Hinton的弟子Ilya Sutskever写的一篇深度学习综述_why we need deep learning hinton-CSDN博客

(This is a guest post by Ilya Sutskever on the intuition behind deep learning as well as some very useful practical advice. Many thanks to Ilya for such a heroic effort!)

Deep Learning is really popular these days. Big and small companies are getting into it and making money off it. It’s hot. There is some substance to the hype, too: large deep neural networks achieve the best results on speech recognition, visual object recognition, and several language related tasks, such as machine translation and language modeling.

But why? What’s so special about deep learning? (from now on, we shall use the term Large Deep Neural Networks --- LDNN --- which is what the vaguer term “Deep Learning” mostly refers to). Why does it work now, and how does it differ from neural networks of old? Finally, suppose you want to train an LDNN. Rumor has it that it’s very difficult to do so, that it is “black magic” that requires years of experience. And while it is true that experience helps quite a bit, the amount of “trickery” is surprisingly limited ---- one needs be on the lookout for only a small number well-known pitfalls. Also, there are many open-source implementations of various state-of-the-art neural networks (c.f. Caffe, cuda-covnet, Torch, Theano), which makes it much easier to learn all the details needed to make it work.

Why Does Deep Learning Work?

It is clear that, to solve hard problems, we must use powerful models. This statement is obvious. Indeed, if a model is not powerful, then there is absolutely no chance that it can succeed in solving a hard problem, no matter how good the learning algorithm is.

The other necessary condition for success is that our model is trainable. That too is obvious, for if we cannot train our model, then its power is useless --- it will never amount to anything, and great results will not be achieved. The model will forever remain in a state of unrealized potential.

Fortunately, LDNNs are both trainable and powerful.

Why Are LDNNs Powerful?

When I talk about LDNNs, I’m talking about 10-20 layer neural networks (because this is what can be trained with today’s algorithms). I can provide a few ways of looking at LDNNs that will illuminate the reason they can do as well as they do.

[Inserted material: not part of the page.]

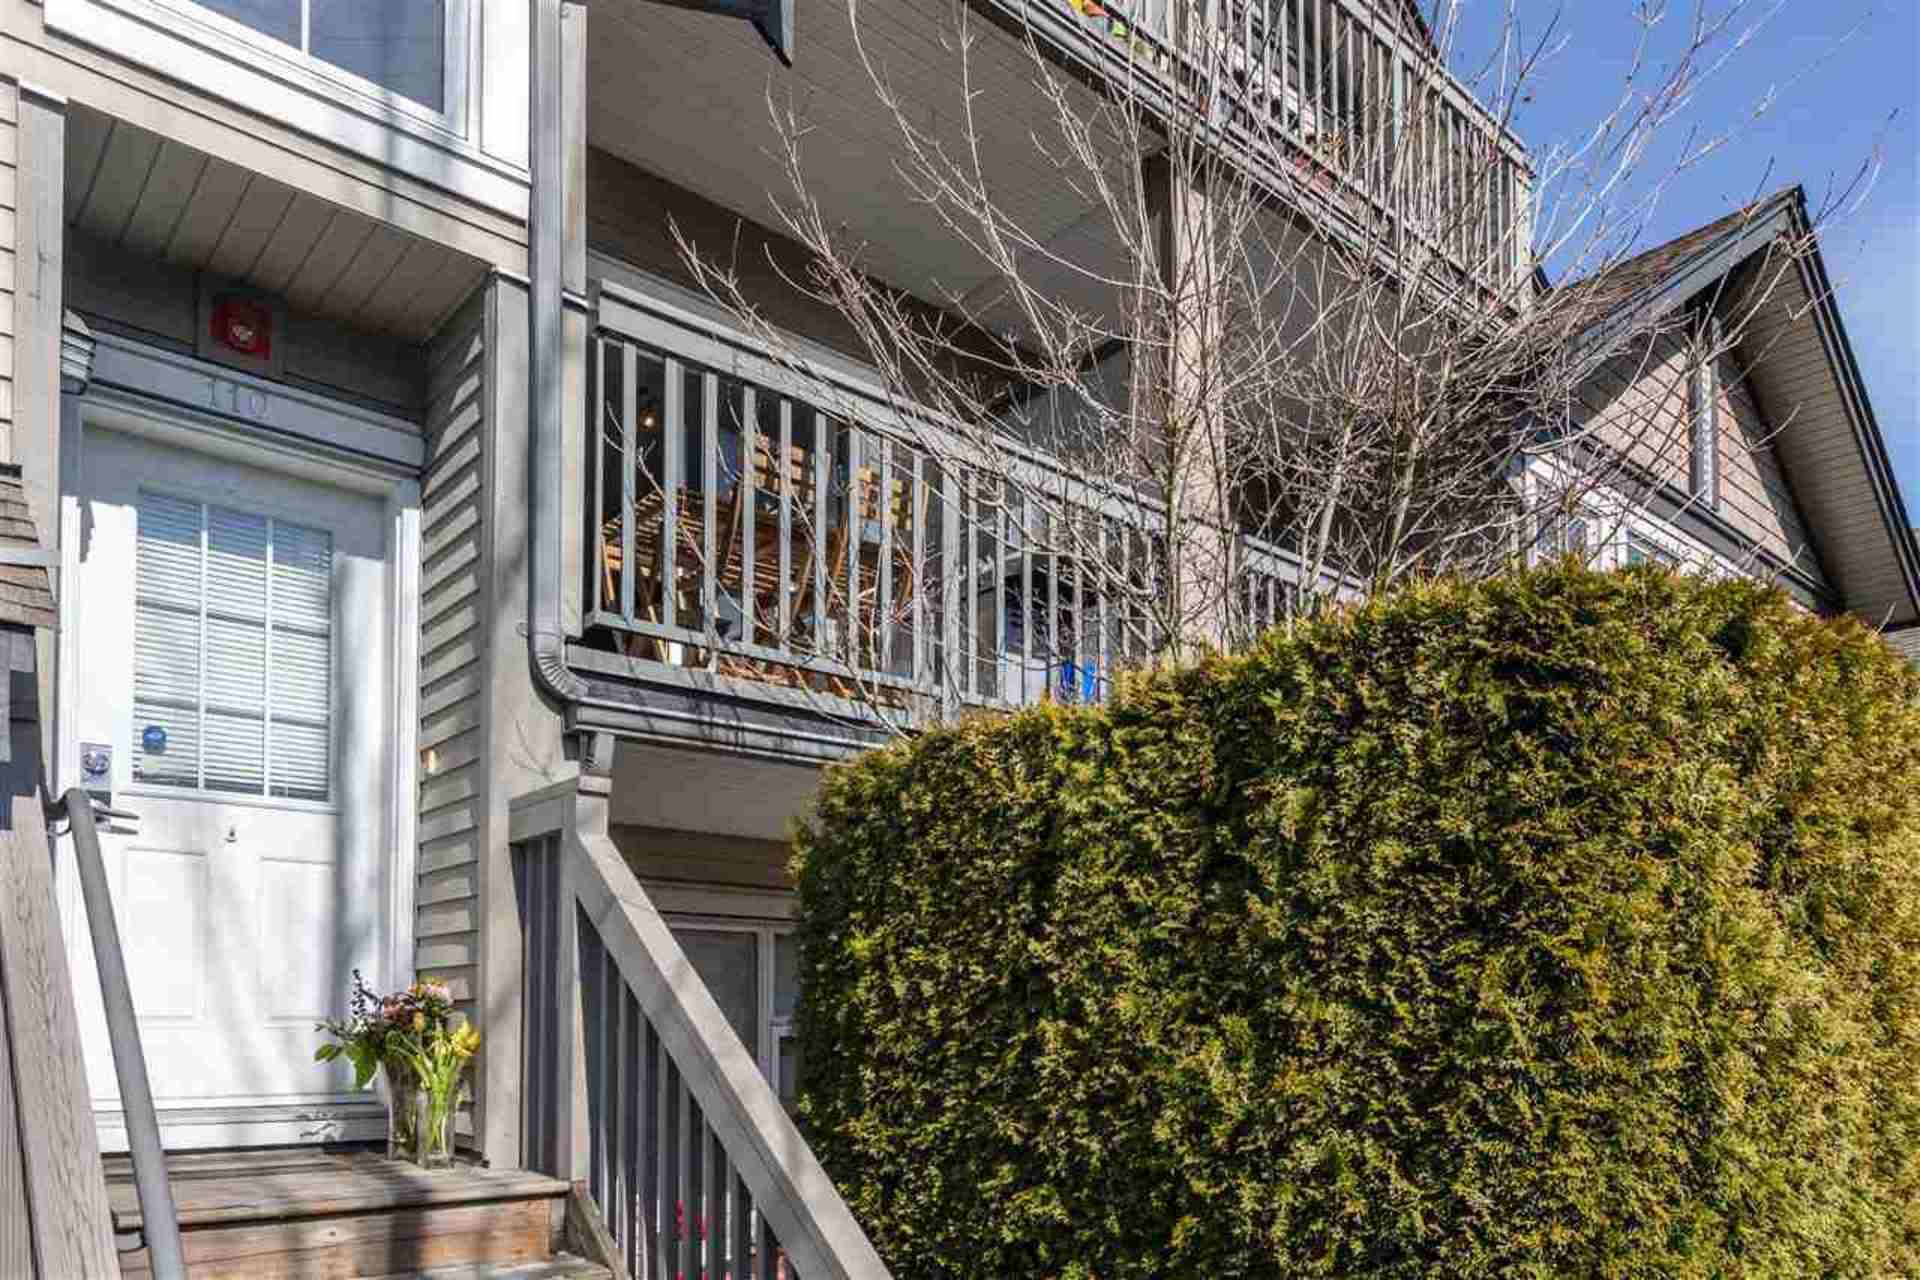 4438-albert-street-vancouver-heights-burnaby-north-15 at 110 - 4438 Albert Street, Vancouver Heights, Burnaby North

Conventional statistical models learn simple patterns or clusters. In contrast, LDNNs learn computation, albeit a massively parallel computation with a modest number of steps. Indeed, this is the key difference between LDNNs and other statistical models.
To elaborate further: it is well known that any algorithm can be implemented by an appropriate very deep circuit (with a layer for each timestep of the algorithm’s execution -- one example). What’s more, the deeper the circuit, the more expensive are the algorithms that can be implemented by the circuit (in terms of runtime). And given that neural networks are circuits as well, deeper neural networks can implement algorithms with more steps ---- which is why depth = more power.
- N.B.: It is easy to see that a single neuron of a neural network can compute the conjunction of its inputs, or the disjunction of its inputs, by simply setting their connections to appropriate values.
Surprisingly, neural networks are actually more efficient than boolean circuits. By more efficient, I mean that a fairly shallow DNN can solve problems that require many more layers of boolean circuits. For a specific example, consider the highly surprising fact that a DNN with 2 hidden layer and a modest number of units can sort N N-bit numbers! I found the result shocking when I heard about it, so I implemented a small neural network and trained it to sort 10 6-bit numbers, which was easy to do to my surprise. It is impossible to sort N N-bit numbers with a boolean circuit that has two hidden layers and that are not gigantic.
- The reason DNNs are more efficient than boolean circuits is because neurons perform a threshold operation, which cannot be done with a tiny boolean circuit.
Finally, human neurons are slow yet humans can perform lots of complicated tasks in a fraction of a second. More specifically, it is well-known that a human neuron fires no more than 100 times per second. This means that, if a human can solve a problem in 0.1 seconds, then our neurons have enough time to fire only 10 times --- definitely not much more than that. It therefore follows that a large neural network with 10 layers can do anything a human can in 0.1 seconds.
This is not scientific fact since it is conceivable that real neurons are much more powerful than artificial neurons, but real neurons may also turn out to be much less powerful than artificial neurons. In any event, the above is certainly a plausible hypothesis.
This is interesting because humans can solve many complicated perception problems in 0.1 seconds --- for example, humans can recognize the identity of an object that’s in front of them, recognize a face, recognize an emotion, and understand speech in a fraction of a second. In fact, if there exists even just one person in the entire world who has achieved an uncanny expertise in performing a highly complex task of some sort in a fraction of a second, then this is highly convincing evidence that a large DNN could solve the same task --- if only its connections are set to the appropriate values.
But won’t the neural network need to be huge? Maybe. But we definitely know that it won’t have to be exponentially large ---- simply because the brain isn’t exponentially large! And if human neurons turn out to be noisy (for example), which means that many human neurons are required to implement a single real-valued operation that can be done using just one artificial neuron, then the number of neurons required by our DNNs to match a human after 0.1 seconds is greatly diminished.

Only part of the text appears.